The S.L.P. Still prefers to say nothing

In a column and a half of wild words the Socialist (June, 1942) continues to denounce THE SOCIALIST STANDARD for “shuffling,” but still prefers to keep mum about the extent to which the Communist Party in 1920 was formed out of former members of the S.L.P. The assertion is now made that the S.L.P. “had no connection with the formation of the Communist Party. It was not even asked to take any part because the C.P.’ers knew very well it would refuse. No member of the S.L.P. joined the C.P.”

If the last sentence is meant to imply that no member of the S.L.P. left that party to join the Communist Party it is a falsehood. If it means that at the moment of joining the Communist Party they were not members of the S.L.P. that is an evasion of the issue, though possibly true. All we can do is to leave it alongside Mr. Allen Hutt’s claim that “the main part of the S.L.P. was fused with the Communist Party,” and Mr.
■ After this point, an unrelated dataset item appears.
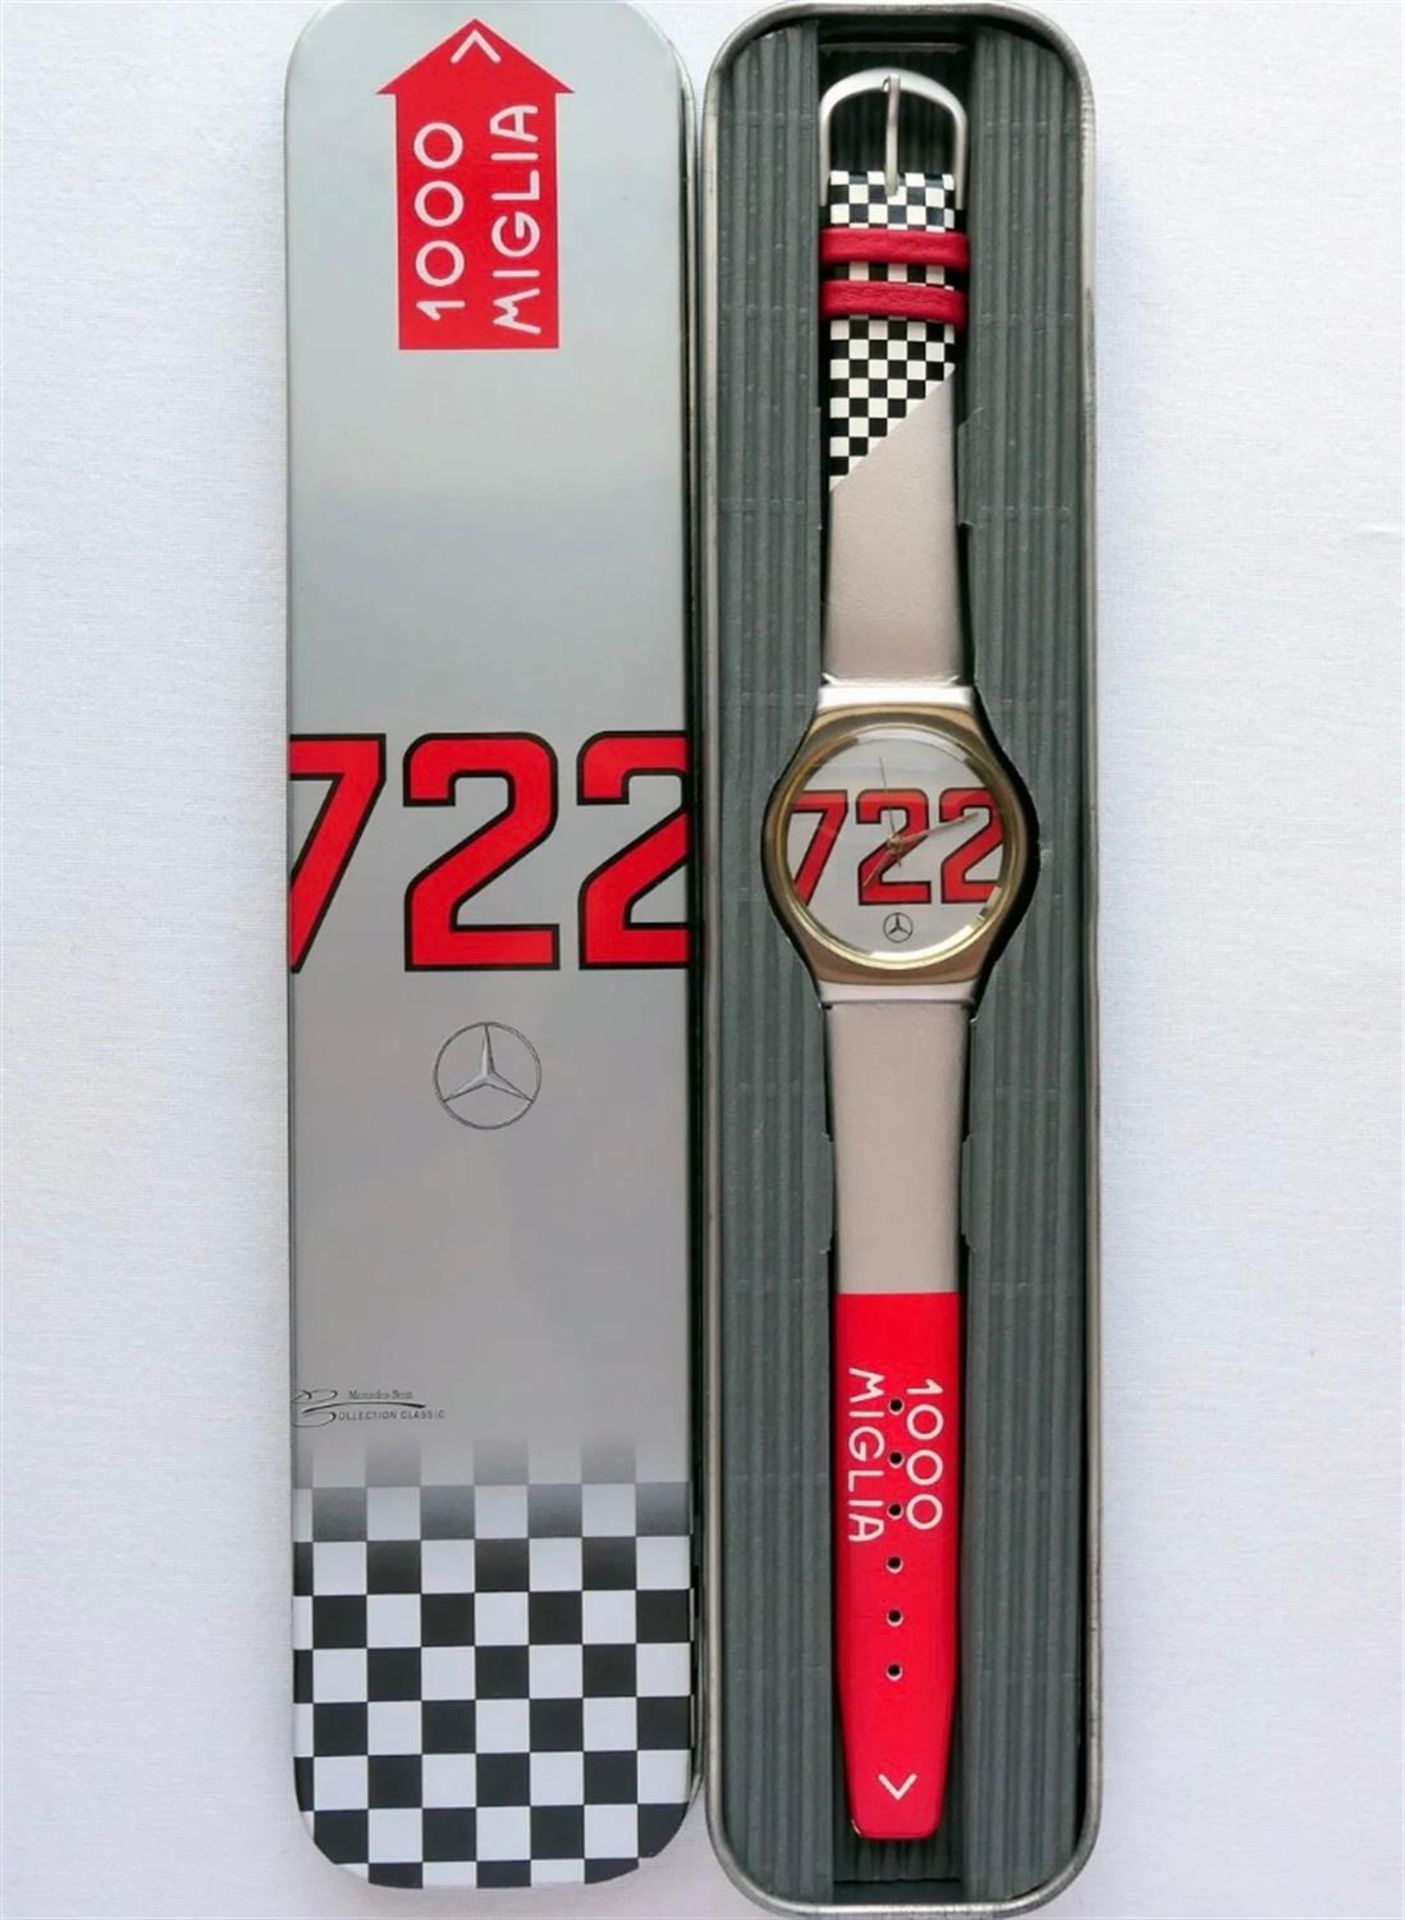 A Rare and Genuine Mercedes-Benz 722 Mille Miglia Classic Racing Watch - Image 9 of 10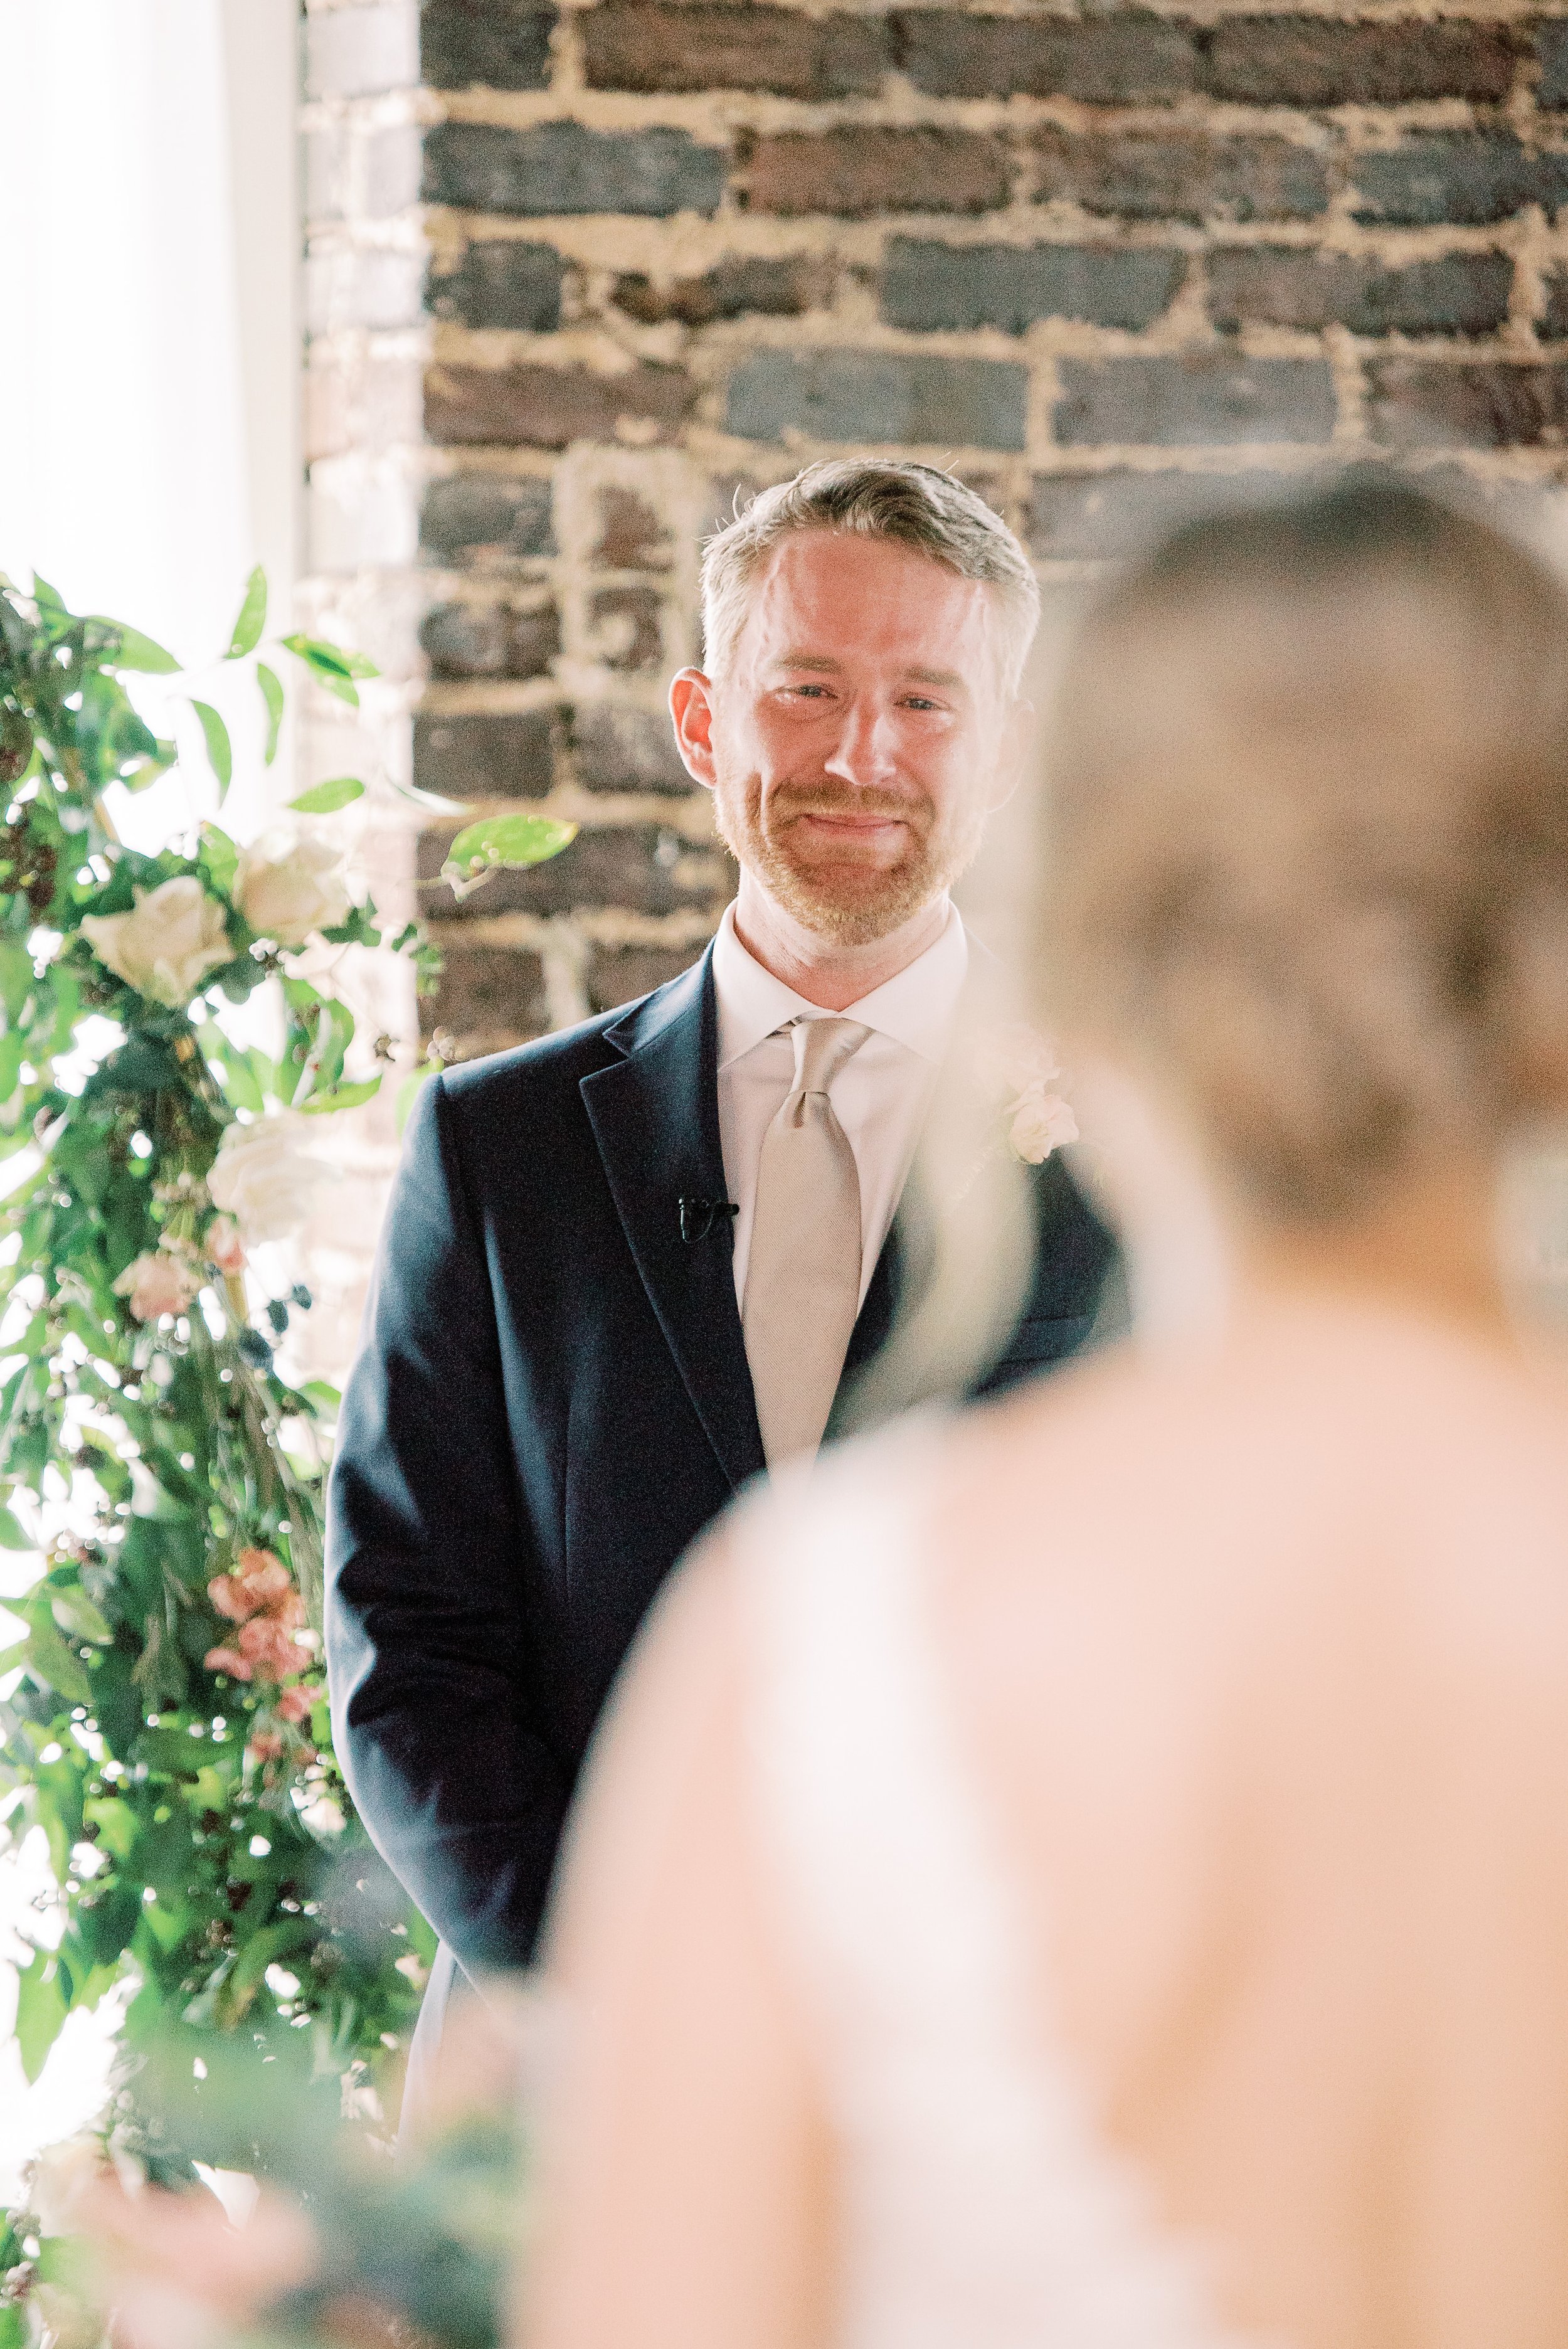  Details from Bustle Bride, Emily and Jeffrey Criswell’s wedding in Birmingham, Alabama.

G. D. H. Cole’s claim that “most of its more active members . . . passed over to the Communist Party in 1920.”

One other interesting remark in the article in the Socialist is that they cannot remember how they came to issue a joint manifesto with the I.L.P. in 1918—”How the I.L.P. came into it, we cannot remember, and it is beyond the limit of our time to look it up.”

We do not question the accuracy of the statement, but we cannot help remarking that such an explanation comes very badly from the Socialist. When we explained that the incorrect remark of a writer in THE SOCIALIST STANDARD (that the S.L.P. was one of the organisations fused into the Communist Party in 1920) was an error made in good faith, their reply was that “the facts could easily have been verified and there is no excuse for the falsehood unless it be that he lied deliberately. . . .” People with short memories and who have not the time to verify easily verifiable facts might well refrain from such charges against others.

ED. COMM.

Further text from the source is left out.